From the perspective of OpenRank, GreptimeDB has significantly outperformed InfluxDB in recent years and is on par with TimescaleDB and Prometheus. However, there is still a gap compared to the commercially open-sourced product VictoriaMetrics. Regarding the project activity, GreptimeDB belongs to the top tier alongside mainstream projects other than InfluxDB.

OpenRank

OpenRank is an open-source value flow analysis metric defined by Dr. Frank Zhao of Tongji University.

Unlike metrics such as star counts or DB Engines rankings, which can be significantly impacted by first-mover advantages, the monthly OpenRank and activity changes displayed above offer a more accurate representation of the project’s ongoing development and future trends.

Community Development

As mentioned earlier, my genuine interest in the GreptimeDB community began when I discovered their Community Program was not just a cargo-cult movement but well-thought-out and feasible. The results have proven this to be true. In 2023, GreptimeDB, following the design of the Community Program, welcomed two new committers apart from the company:

Both committers were nominated due to their substantial code contributions, with each submitting around twenty patches that were acknowledged for their quality by the project team. Furthermore, these committers had been actively involved in the project for several months before becoming committers. It is evident that these two committers, selected and recognized based on this standard, remained actively engaged in the project last month.

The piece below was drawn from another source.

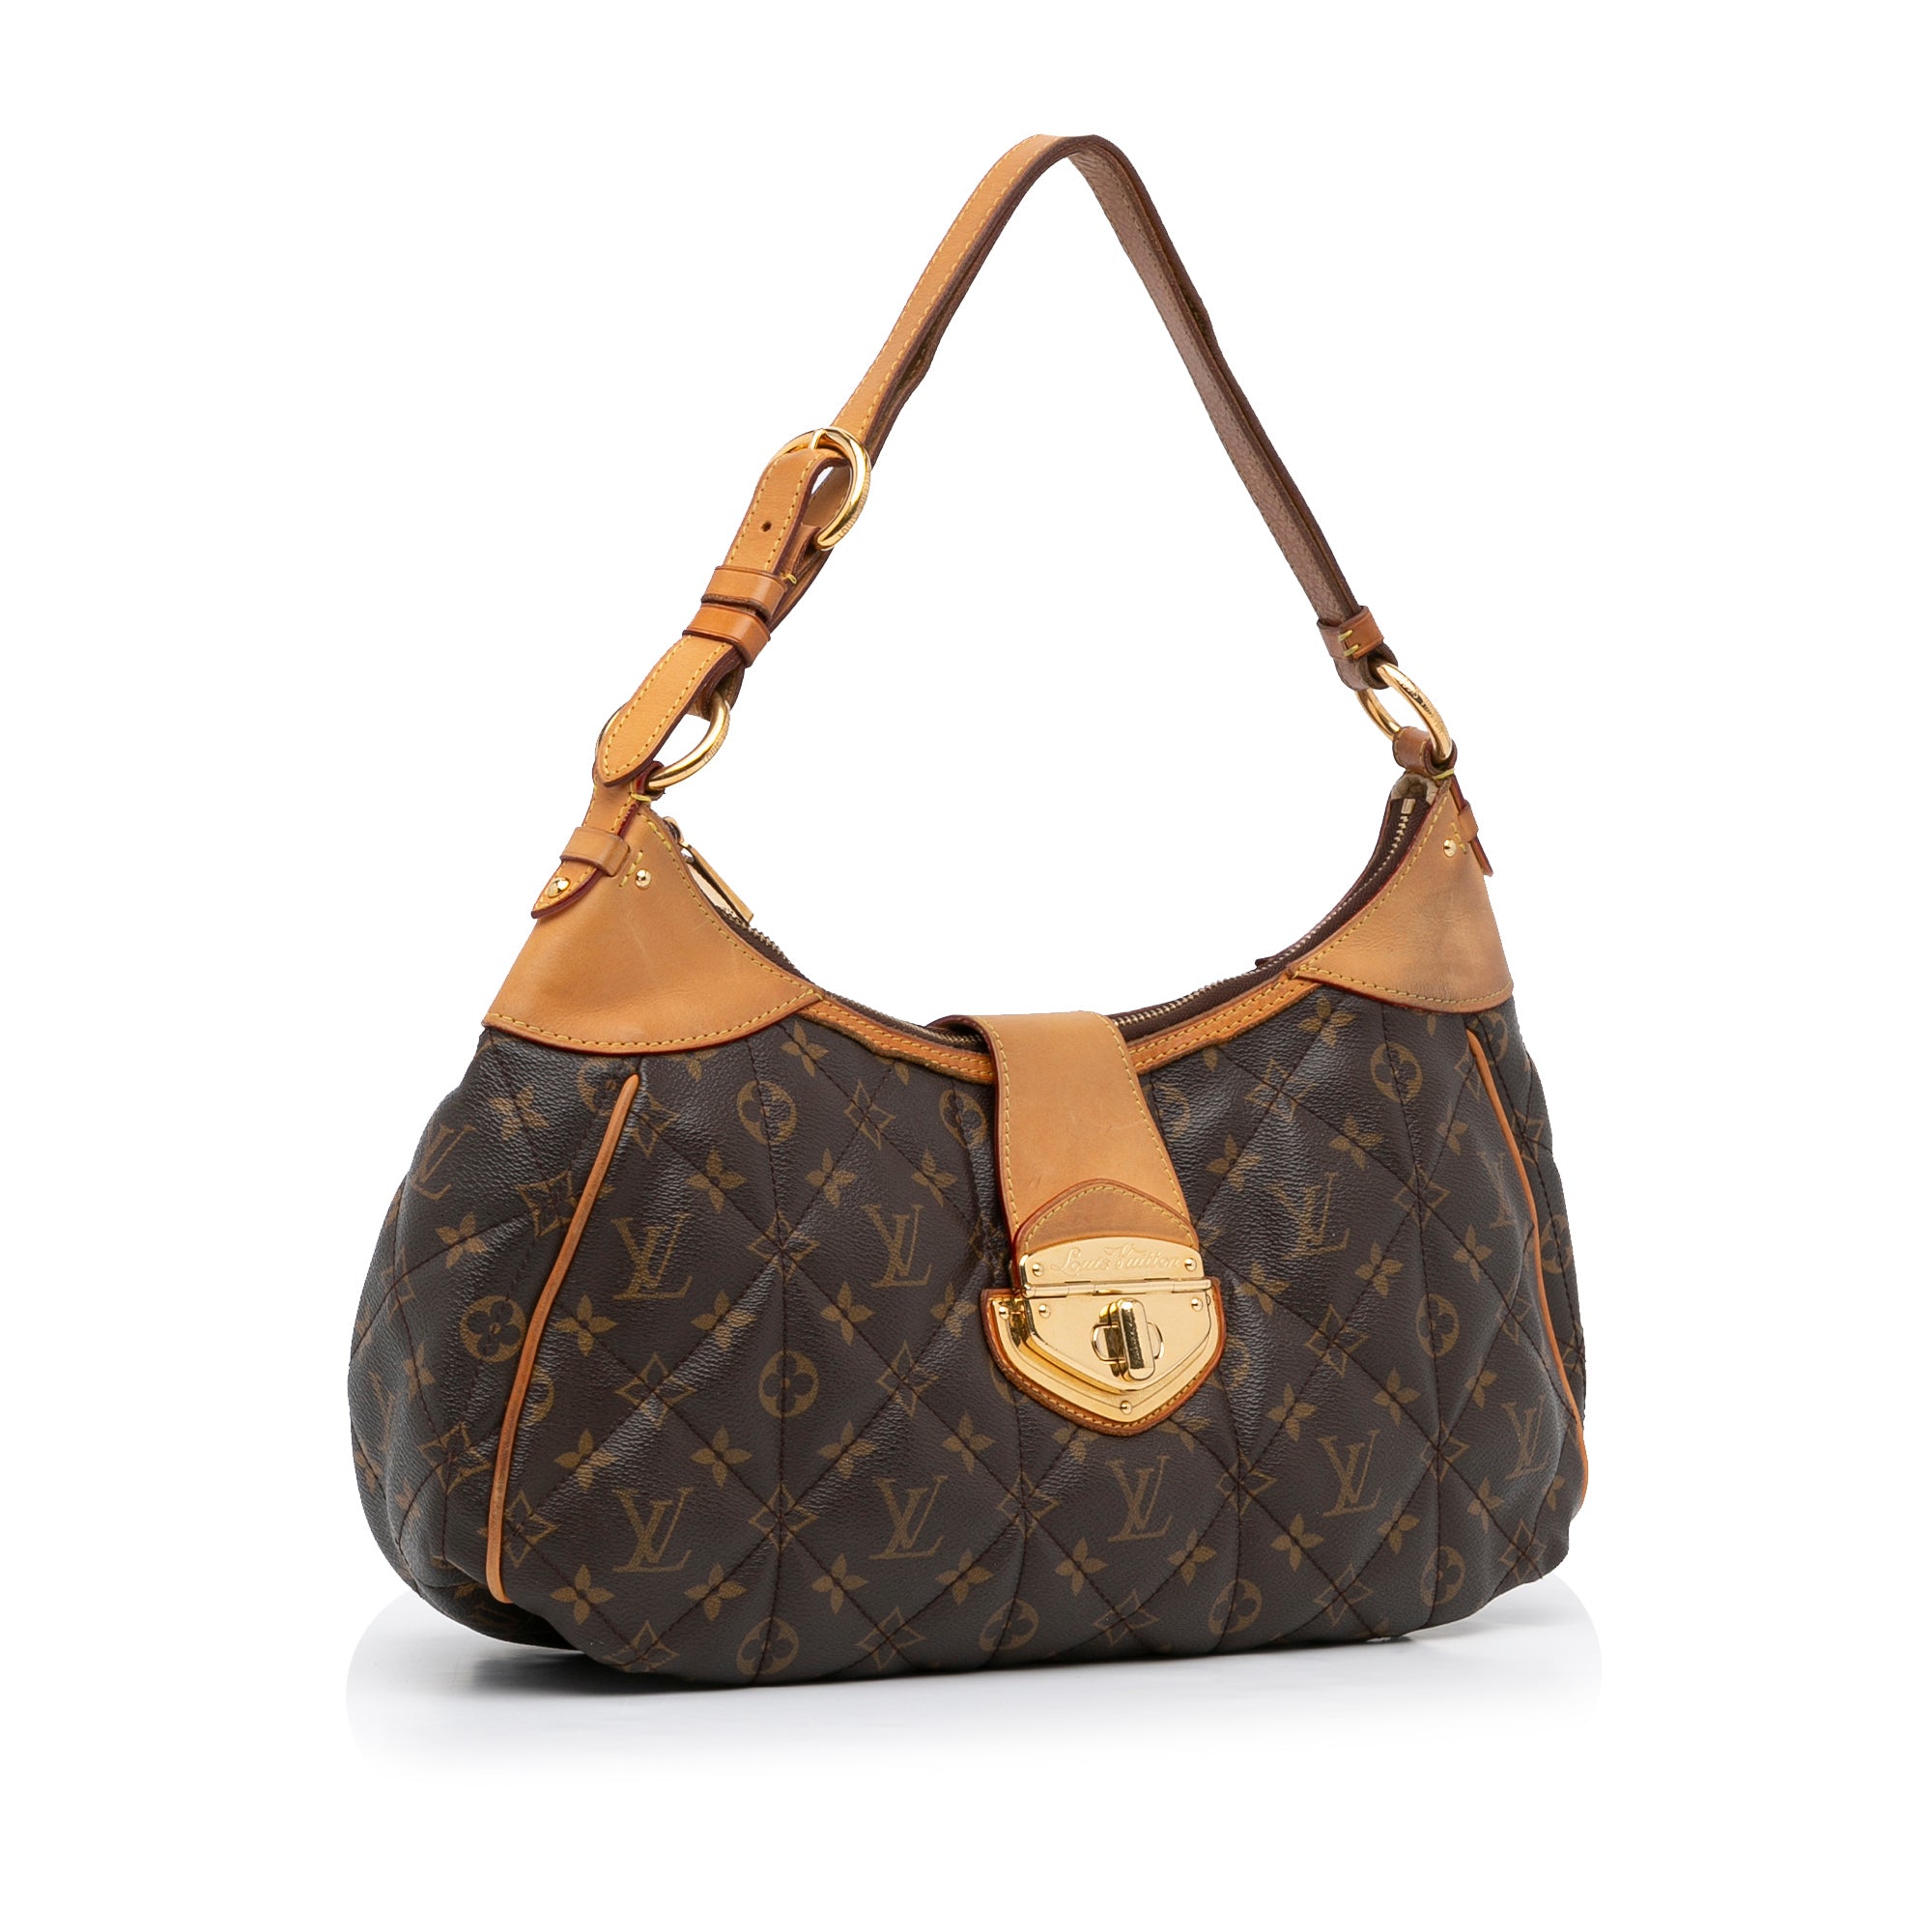 Etoile cloth handbag Louis Vuitton Brown in Cloth - 31634912

The functionality of GreptimeDB has taken shape, meeting the standards for the production environment. This also signifies that the extensive groundwork of the pioneering phase has been completed, allowing new community members to leverage their creativity on a solid engineering foundation. Nevertheless, GreptimeDB still offers considerable opportunities for optimization. There are numerous unresolved issues related to design and implementation in technical domains, including inverted indexes, Write-Ahead Logs (WAL), and storage engines. This period presents a valuable chance for individuals to engage with GreptimeDB and potentially become committers.

However, there are still areas within GreptimeDB’s Community Program that can be improved before it can be considered a benchmark for commercial open-source projects.

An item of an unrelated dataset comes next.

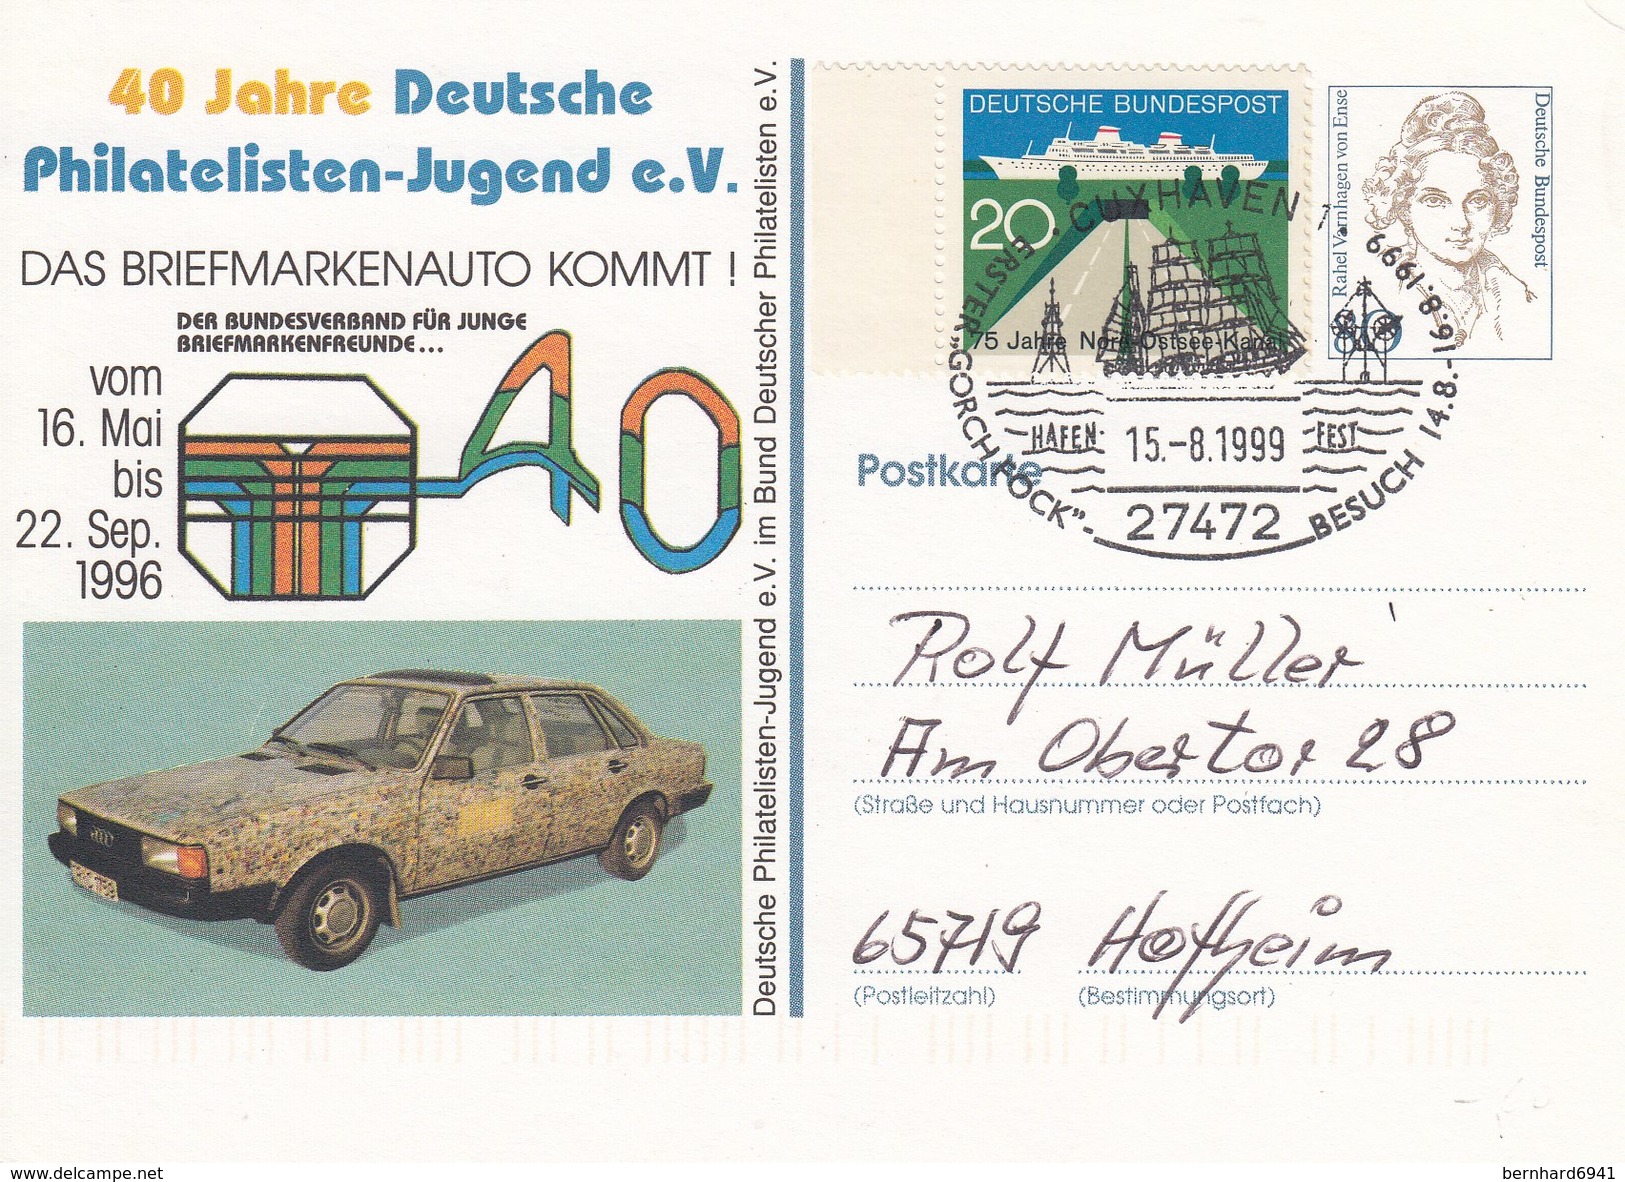 PP 170 D1/1a 40 Jahre Deutsche Philatelisten-Jugen E.V. - Das Briefmarkenauto Kommt!, Cuxhaven 1 - Private Postcards - Used

For example, promoting new Committers is only briefly mentioned in biweekly reports. The Community Program does not immediately reflect its smooth operation or the fact that there are Committers outside the company in the community. There is also a lack of introductions and sharing of successful stories for active contributors and Committers. Currently, the community essentially operates at a basic level of granting permissions to those who write good code.

Furthermore, although the Community Program has been streamlined compared to other cargo-cult movements to ensure practical operation, there are still some organizational gaps. For example, the Steering Committee, designed to make technical and community development decisions, primarily involves company team discussions and decisions later made publicly. Additionally, while SIGs and even the OSPO have been defined within the Community Program, there is a lack of manpower to operate these structures.

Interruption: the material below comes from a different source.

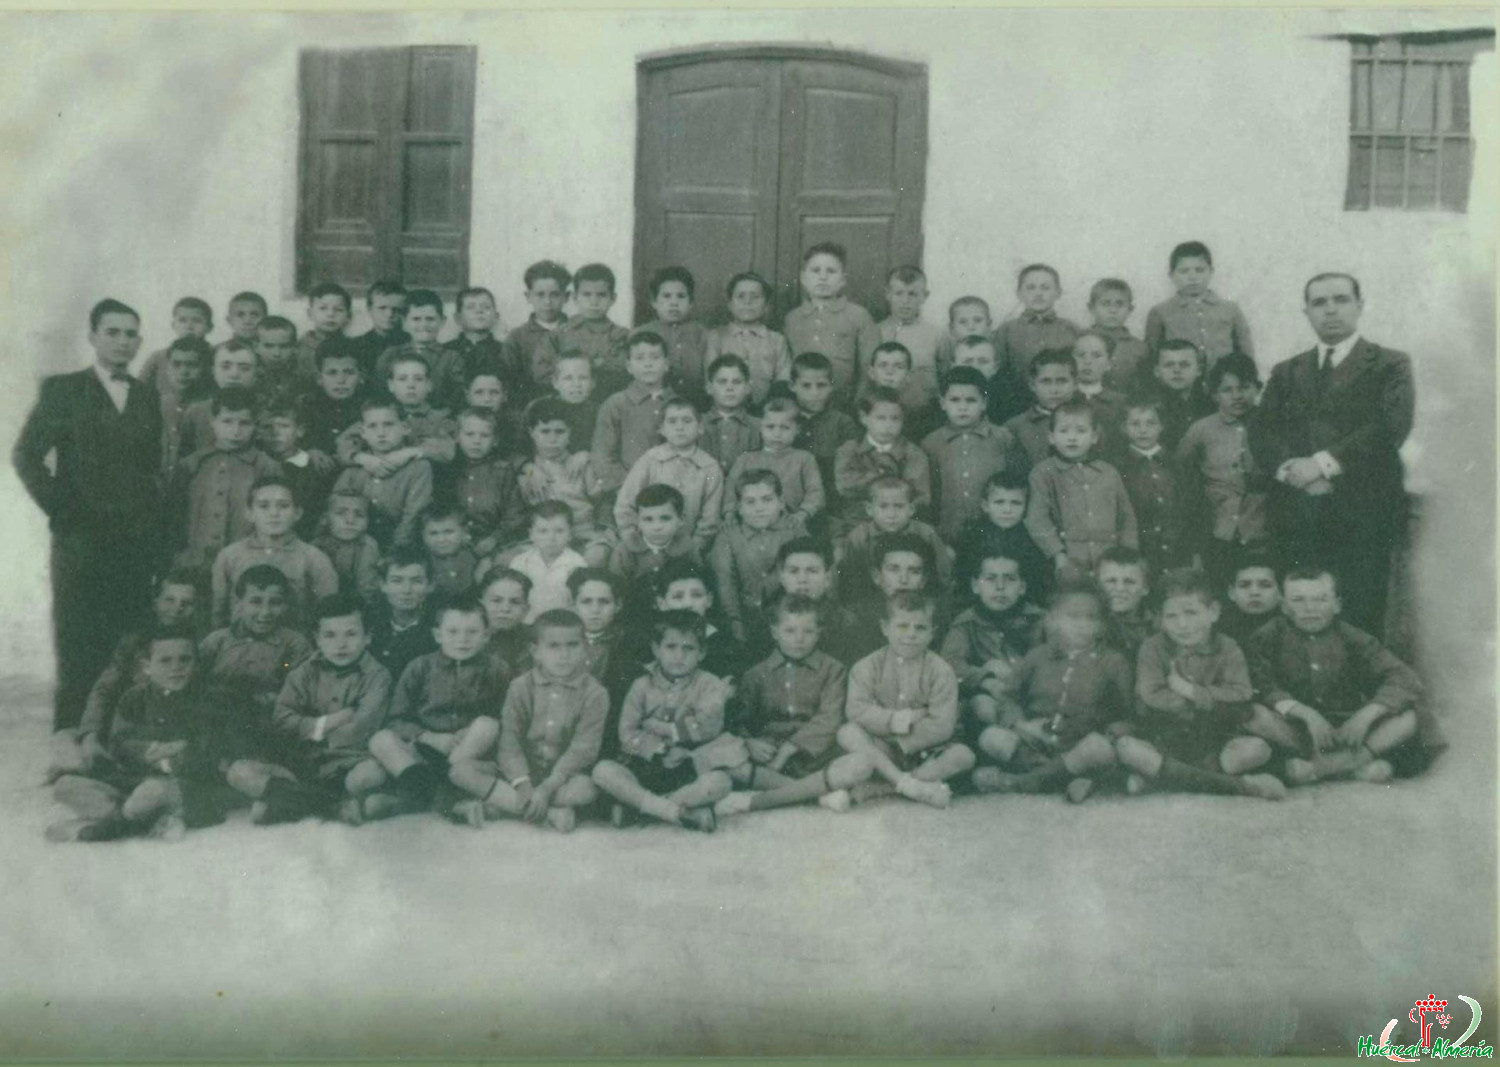 Grupo escolar. Escuela en C/ Las Palmeras. 1920

I advocate for the ongoing revision of the Community Program, taking into account the community’s present operational state along with the envisioned and attainable future state.

Increasing transparency in the criteria and pathways to becoming a Committer and inviting Committers to tell their stories.
Streamlining redundant and fictitious organizational structures while retaining key actions such as listening to community inputs and making decisions public to the community.
Emphasizing the diversity of channels through which community members can participate, encouraging them to help others use GreptimeDB and contribute through various channels. This is significant for being an Ambassador/Advocate.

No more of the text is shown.